DK I love that you launched this in a way that talked about your agency. I hear in what you’re saying both awareness and a resistance to repeating yourself without having a particular critical interest in that repetition. For you, I would see that as also being about a sort of safety. And for you—as anybody knows who’s followed your work or had a conversation with you—that kind of safety is deeply boring. If there is one thing that you are allergic to as much as white supremacy, it’s boredom. [Laughs.]

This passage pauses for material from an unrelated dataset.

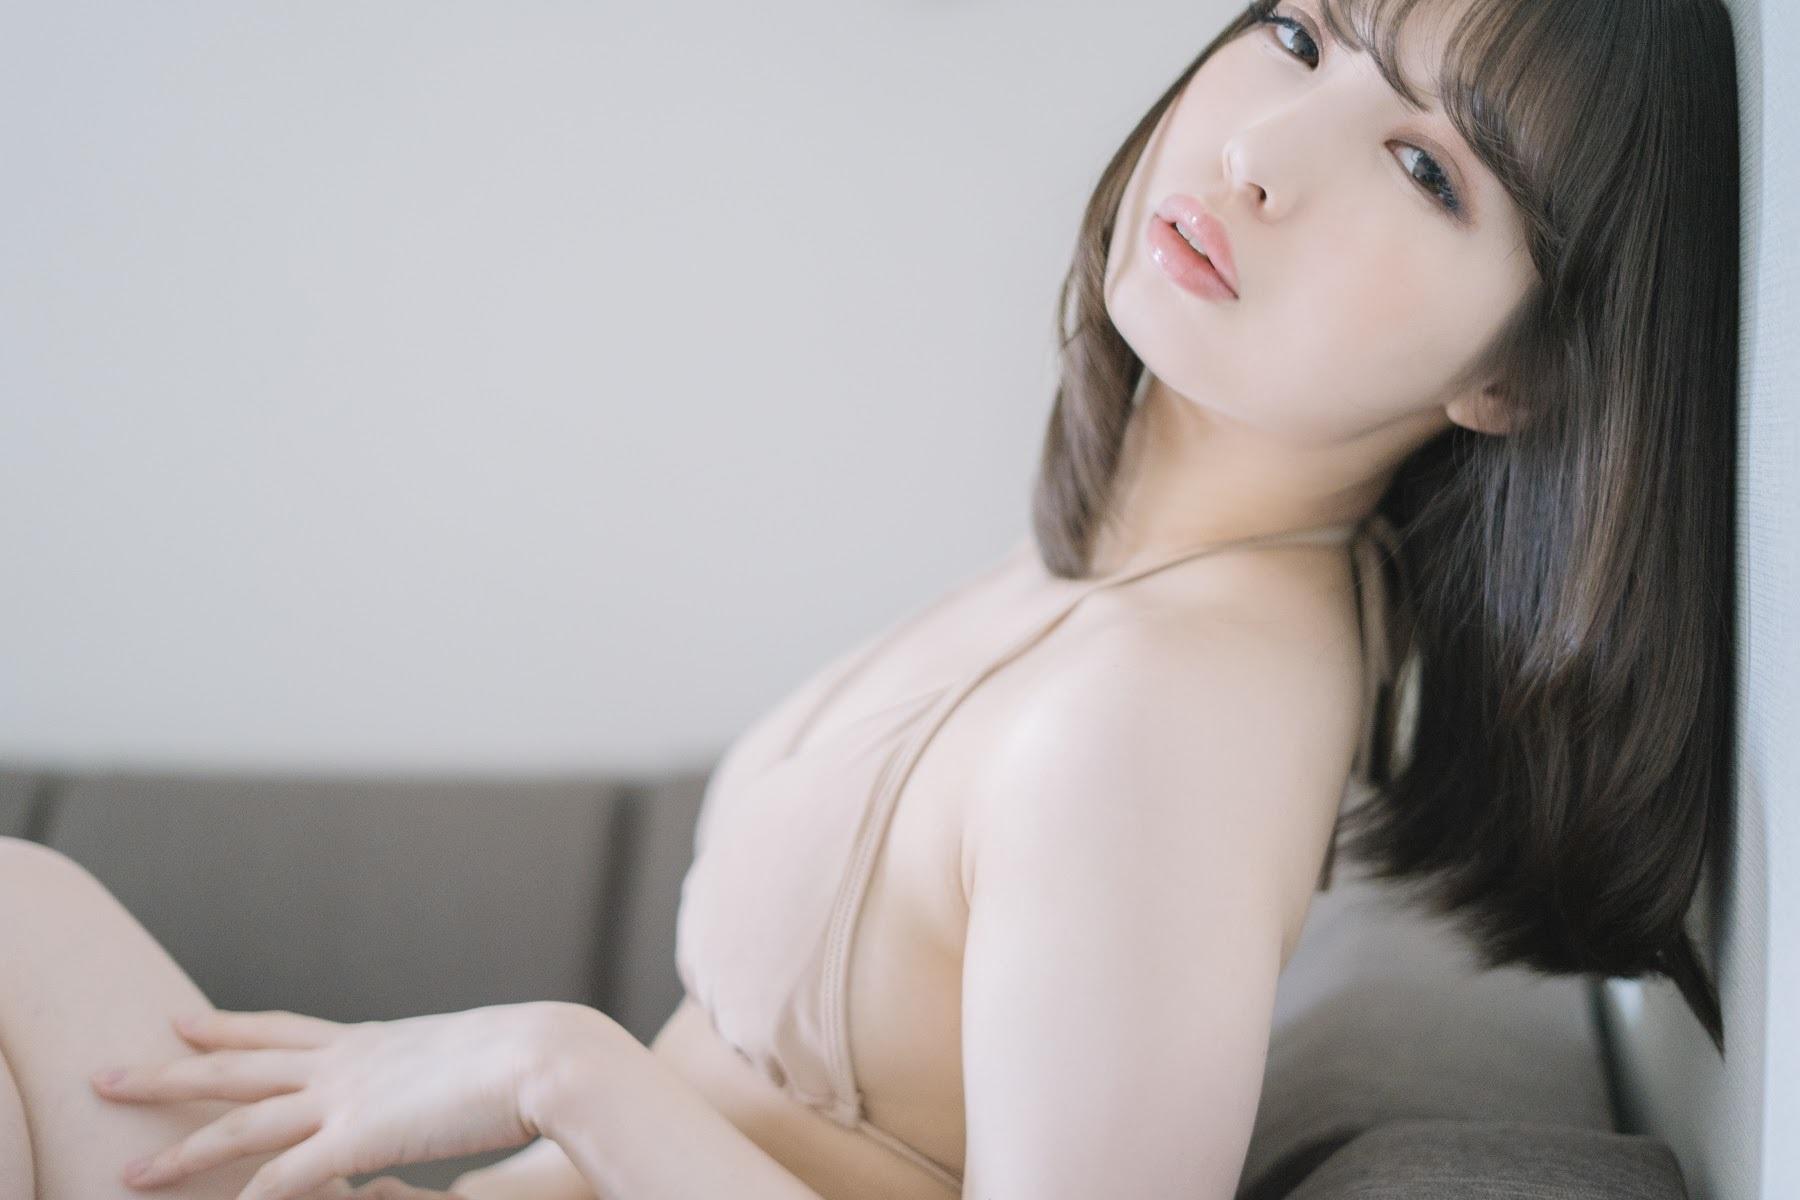 CH24云引仃1 (29)

So, to answer the question you asked, “Where do I find myself in that space of responsibility?” there’s always for me that question of, “Does my work do enough?” I’m always grappling with that. Is it useful? And if it is, I wonder whether I am writing what I feel like writing. These often overlap for me, and I value that. That sense of serving the culture and doing whatever the fuck you want—whether it’s happening thematically or in terms of form or approach—is something I treasure. If I feel challenged by what I’m called to make, then pleasurably engaged while I’m composing it, and then, if I’m all: “Whoa, what is that?” afterwards—those might be indicators of truly feeling I did what I actually wanted to do.

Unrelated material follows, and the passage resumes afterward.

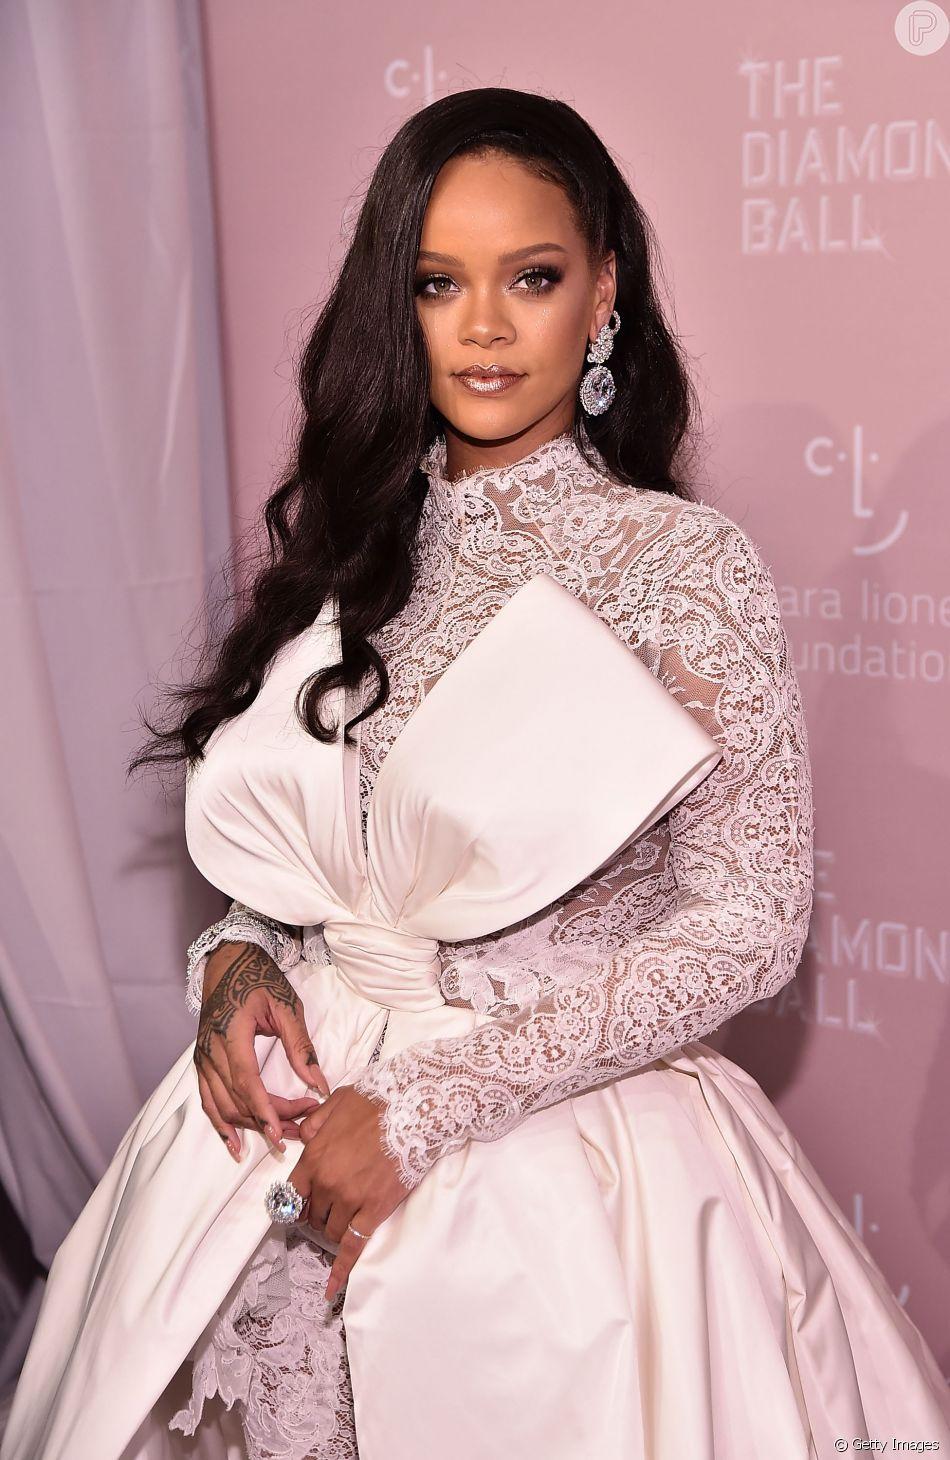 ee874d032bb Rihanna usou macacão de renda com laço gigante para promover o evento  beneficente

AH Do you forget things you’ve written? Because I do all the time, and then I get so pumped for what past Aleshea was up to. I found something yesterday, a first draft of that piece I finished a few days ago, and I thought, “Bitch, you were killing it.” [Laughs.] Does that happen?

DK I keep journals and I also keep computer drafts and shit. About four or five months ago I was looking at old drafts, and I was like, “Damn, you’re just wild on this one.” It was from way back in the day when I was first thinking about The Black Automaton poems—from my second book, The Black Automaton (2009)—which then became these performative typographies in the work. It was this riff off the colonialism and racism in Indiana Jones movies, called “The Black Automaton versus The Temple of Doom.” Yeah, that shit was exciting as hell.

Anything you’d keep from your first draft? That you’d go back to?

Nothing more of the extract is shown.